I actually do have a preference. But I ain't gonna tell Bill what it is. Cuz, mostly, I just hate getting shoved into a pigeon hole... most guys this, most guys that... Nope! Not for me.


----------



## FarmboyBill (Aug 19, 2005)

nah Rich. Taint that important


----------



## AmericanStand (Jul 29, 2014)

Most guys like long hair but sometimes they like short haired girls.


----------



## FarmboyBill (Aug 19, 2005)

SD, IF you think hair isn't important as to length, then that tells me at least one reason your single. Hairs important, hell EVERY part of a person is important, but that's much more so in women, as we guys are constantly reminded that were visual creatures. If you neglect one thing cause its a pain to deal with, youll likely sooner or later do the same with another. That's the same thing with men also, but because women are less visual to the outside, and wade through that to find out whats on the inside, (of there wallets). Sorry, had to shoot the other foot to make them equal lol. that women don't take as much stock in what they see in men as is the other way round.


----------



## moonwolf (Sep 20, 2004)

FarmboyBill said:


> Ladies, in your varied and vast experiences around the men in your lives, Which do you think they liked most on a woman,
> 
> Long hair
> 
> ...


I'm not a woman, but I think it matters to most....it's an 
individual experience in that features such as hair style is
worn to suit the style the lady wishes, and more often to
maybe please their particular man and not necessarily advertise
that they wear a particular length for particular attraction....


----------



## Jade1096 (Jan 2, 2008)

FarmboyBill said:


> Ladies, in your varied and vast experiences around the men in your lives, Which do you think they liked most on a woman,
> 
> Long hair
> 
> ...


boobs. I'm convinced them noticing you have hair is long after they notice the boobs.


----------



## oneraddad (Jul 20, 2010)

It was my youngest son's 21st yesterday and he had a party at a sports bar last night.
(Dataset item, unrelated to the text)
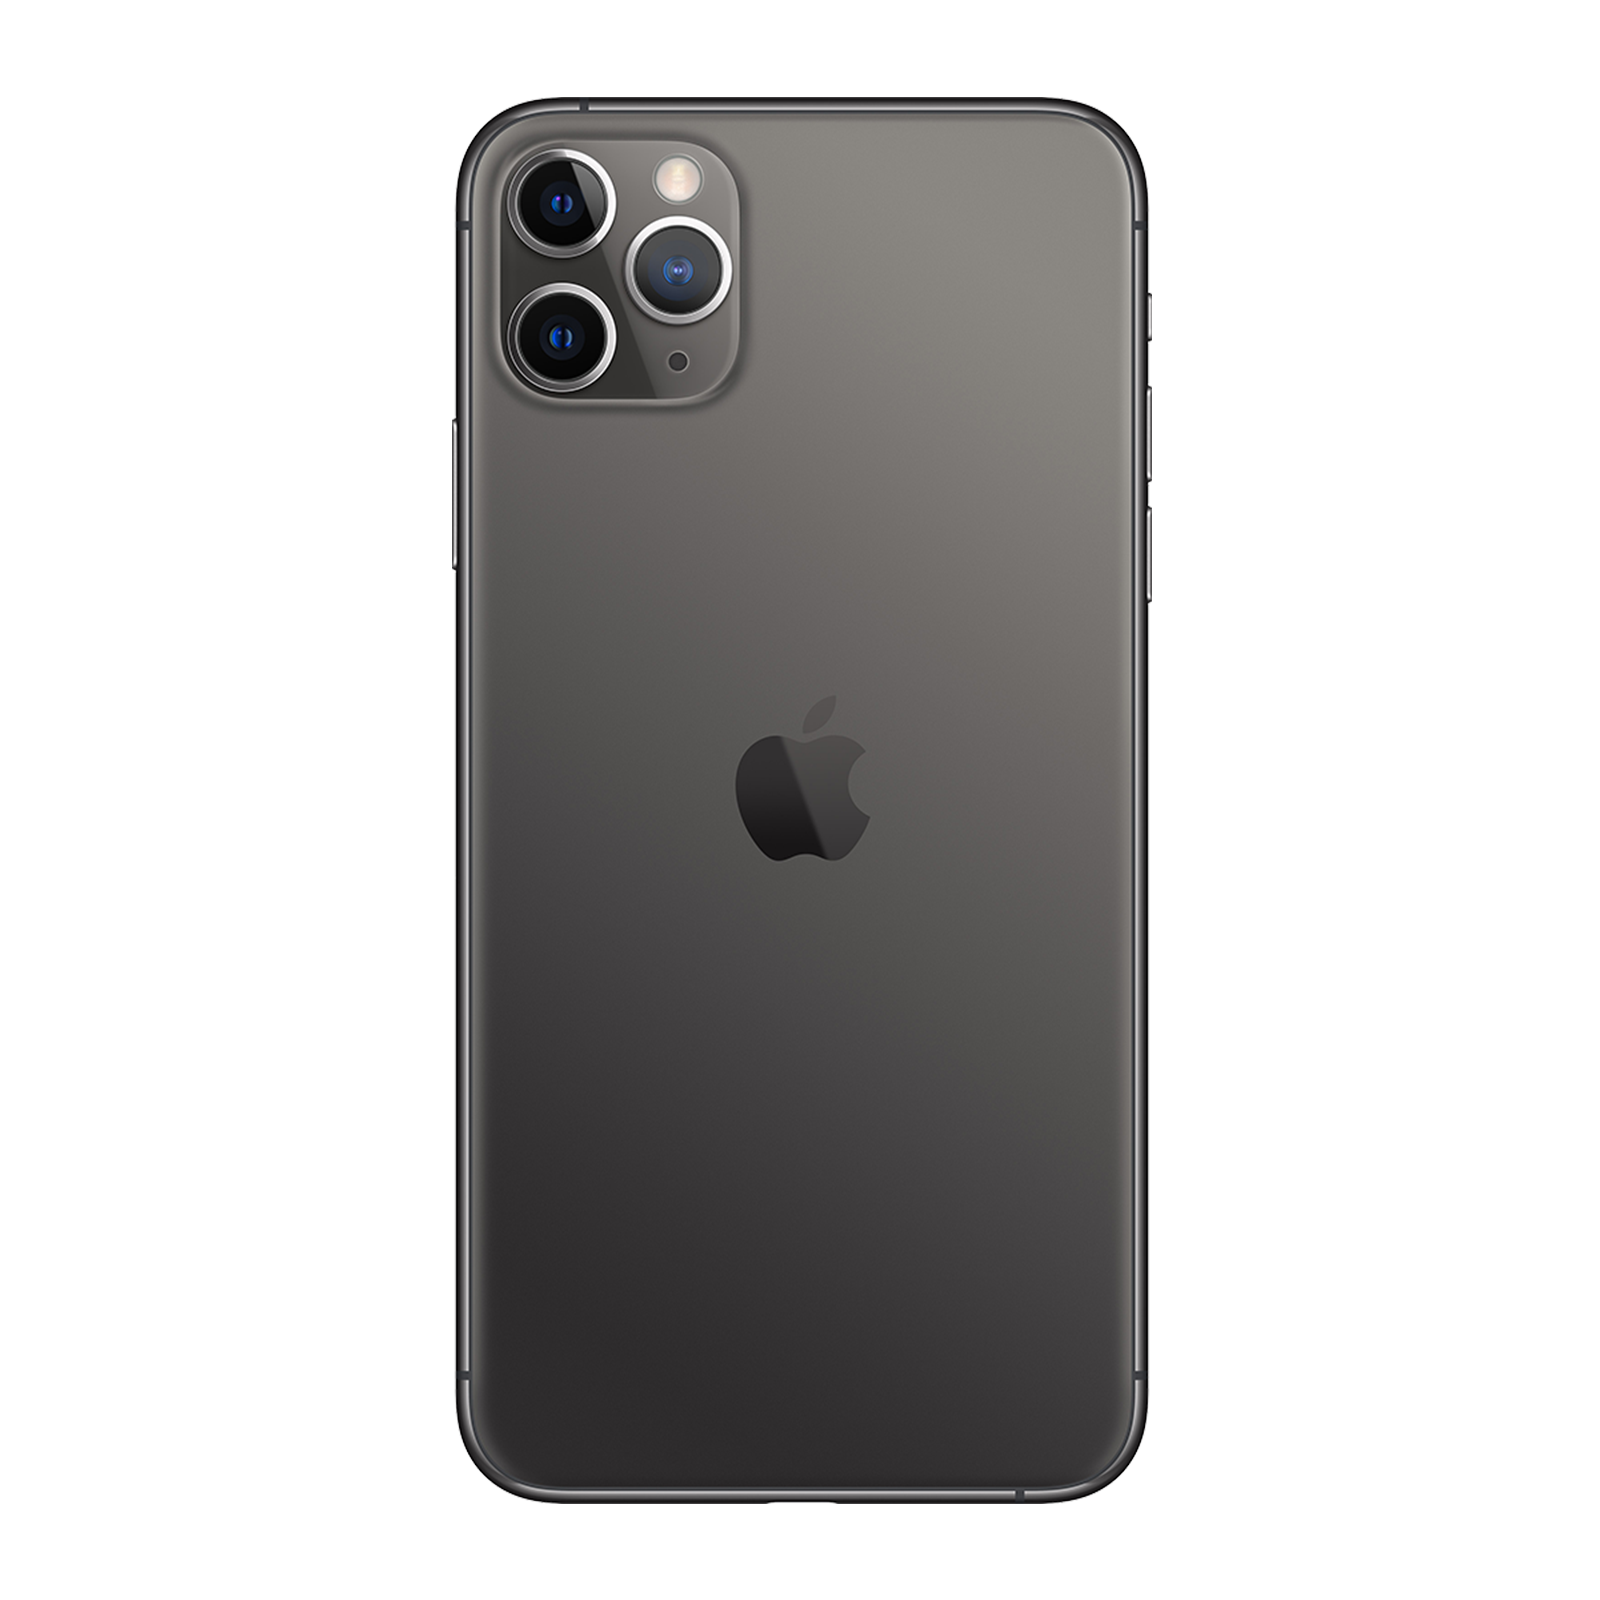 Apple iPhone 11 Pro Max 256GB Space Grey Pristine - Sprint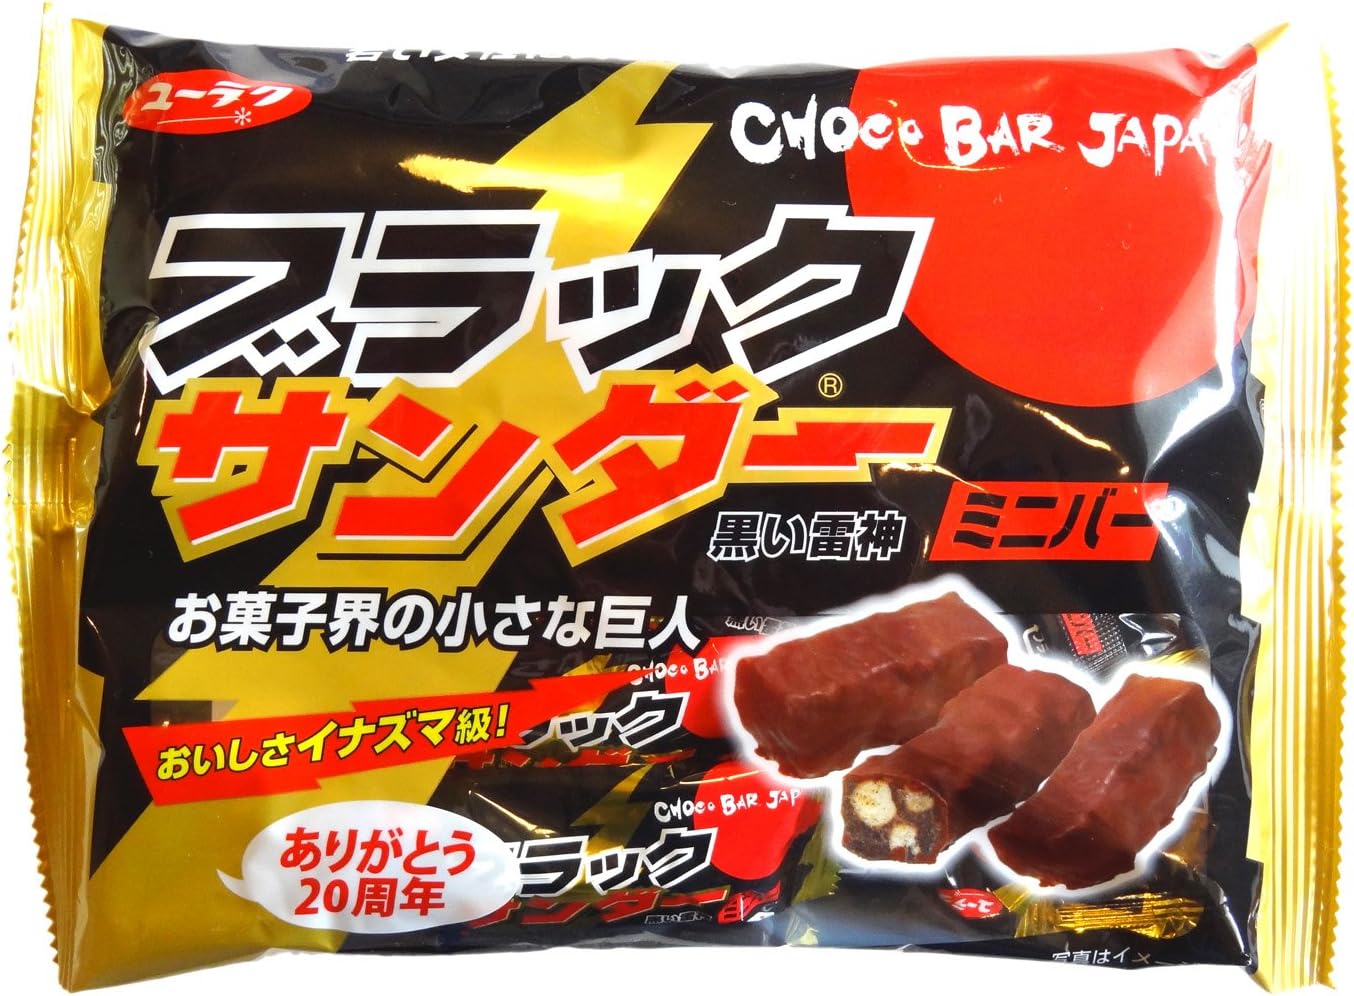 Yuraku Black Thunder Chocolate Mini Bar (196g)

I gotta say, I saw a few lady's last night with shoulder length hair that looked pretty hot.


----------



## oneraddad (Jul 20, 2010)

Jade1096 said:


> boobs. I'm convinced them noticing you have hair is long after they notice the boobs.



Boobs were nice when I was younger, butt I look lower now a days.


----------



## FarmboyBill (Aug 19, 2005)

Butt I look lower nowadays. And still see the boobs LOL


----------



## FarmboyBill (Aug 19, 2005)

Ladies take a look in the Victorias Secret Comms. See if you see a short haired model on TV.

Don't look at what I look at first LOL. JUST KIDDING. BUTT< IF I have to tell the truth, and since I like long hair, I usually notice BOTH at the same time with no difference as to which is more important than the udder, er other lol.


----------



## oneraddad (Jul 20, 2010)




----------



## frogmammy (Dec 8, 2004)

Hey Bill! Is he/r hair long enough?

Mon


----------



## rkintn (Dec 12, 2002)

FarmboyBill said:


> SD, IF you think hair isn't important as to length, then that tells me at least one reason your single. Hairs important, hell EVERY part of a person is important, but that's much more so in women, as we guys are constantly reminded that were visual creatures. If you neglect one thing cause its a pain to deal with, youll likely sooner or later do the same with another. That's the same thing with men also, but because women are less visual to the outside, and wade through that to find out whats on the inside, (of there wallets). Sorry, had to shoot the other foot to make them equal lol. that women don't take as much stock in what they see in men as is the other way round.



Short hair isn't a pain to deal with. It actual requires quite a bit of maintenance. If a man looks at me and decides I am not worth his attention because my hair is short, I'm okay with that. I keep my hair short because I like it short, not to please anyone else.


----------



## sdnapier (Aug 13, 2010)

FarmboyBill said:


> SD, IF you think hair isn't important as to length, then that tells me at least one reason your single. Hairs important, hell EVERY part of a person is important, but that's much more so in women, as we guys are constantly reminded that were visual creatures. If you neglect one thing cause its a pain to deal with, youll likely sooner or later do the same with another. That's the same thing with men also, but because women are less visual to the outside, and wade through that to find out whats on the inside, (of there wallets). Sorry, had to shoot the other foot to make them equal lol. that women don't take as much stock in what they see in men as is the other way round.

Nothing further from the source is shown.